确认托拉仍在弗蕾亚身旁守卫后,我悄然穿过围观表演的人群,深知他们眼中只有斯泰因恩歌声编织的幻象。厅内闷热散去,夜风沁凉,松林气息与自斯科约德峰间冰川而来的寒风交织。瞥见哈拉尔德消失在街角的身影,我立即小跑追去—深知若不在拉文海姆错综复杂的街巷中紧跟,很容易就会失去他的踪迹。
要塞渐归寂静,众人或已安眠,或仍在大厅狂欢观赏斯泰因恩的演出。靴底每次触地都在建筑墙体间激起回响,虽无隐匿行踪的必要,我仍放轻脚步。余光瞥见环绕拉文海姆的高墙上符文不时闪烁—多半在祛除白日潜入的疫病,虽然当边缘湍流河水暴涨时它们也会如此运转,每道石刻符痕皆为守护此地居民而设。
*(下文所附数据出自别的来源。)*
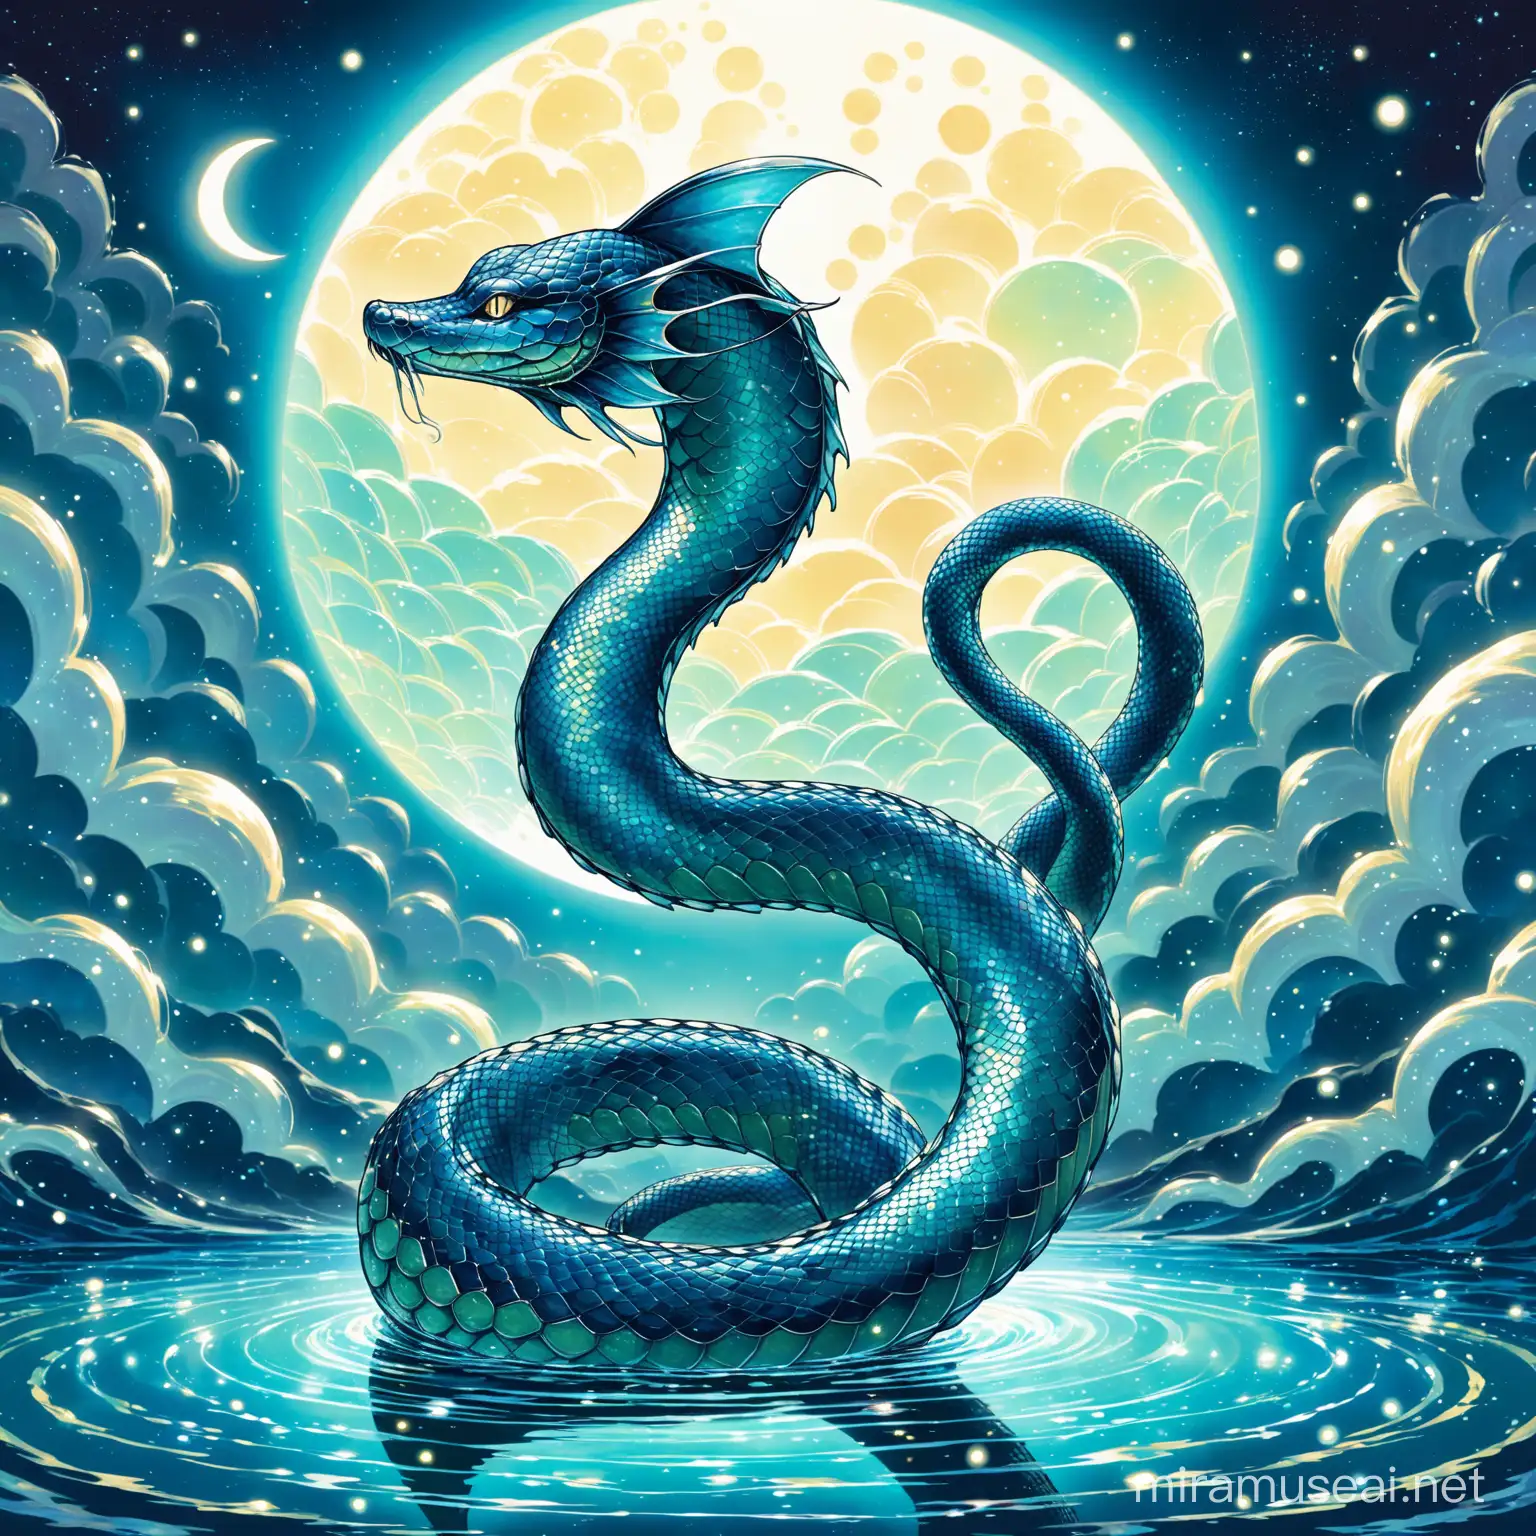 Mystical Serpent with Luminous Eyes and Shimmering Blue Scales

我未予理会,凝神追踪哈拉尔德的脚步声,待其止息时骤然停步。环顾确认无人注视后,我探身望向转角:哈拉尔德正与斯卡德密谈,两人额头几乎相抵。狂风呼啸穿巷,吞没了对话内容,但斯卡德频频点头的模样似在领受指令。掌心阵阵刺痛,他们凝重的神情昭示这绝非闲谈—恰在此时,狂风骤歇。
"城垛守军增派双倍。"哈拉尔德沉声道,"弗蕾亚绝不能有丝毫闪失,明白吗?她于我弥足珍贵,若你因狭隘嫉妒令她陷入险境—"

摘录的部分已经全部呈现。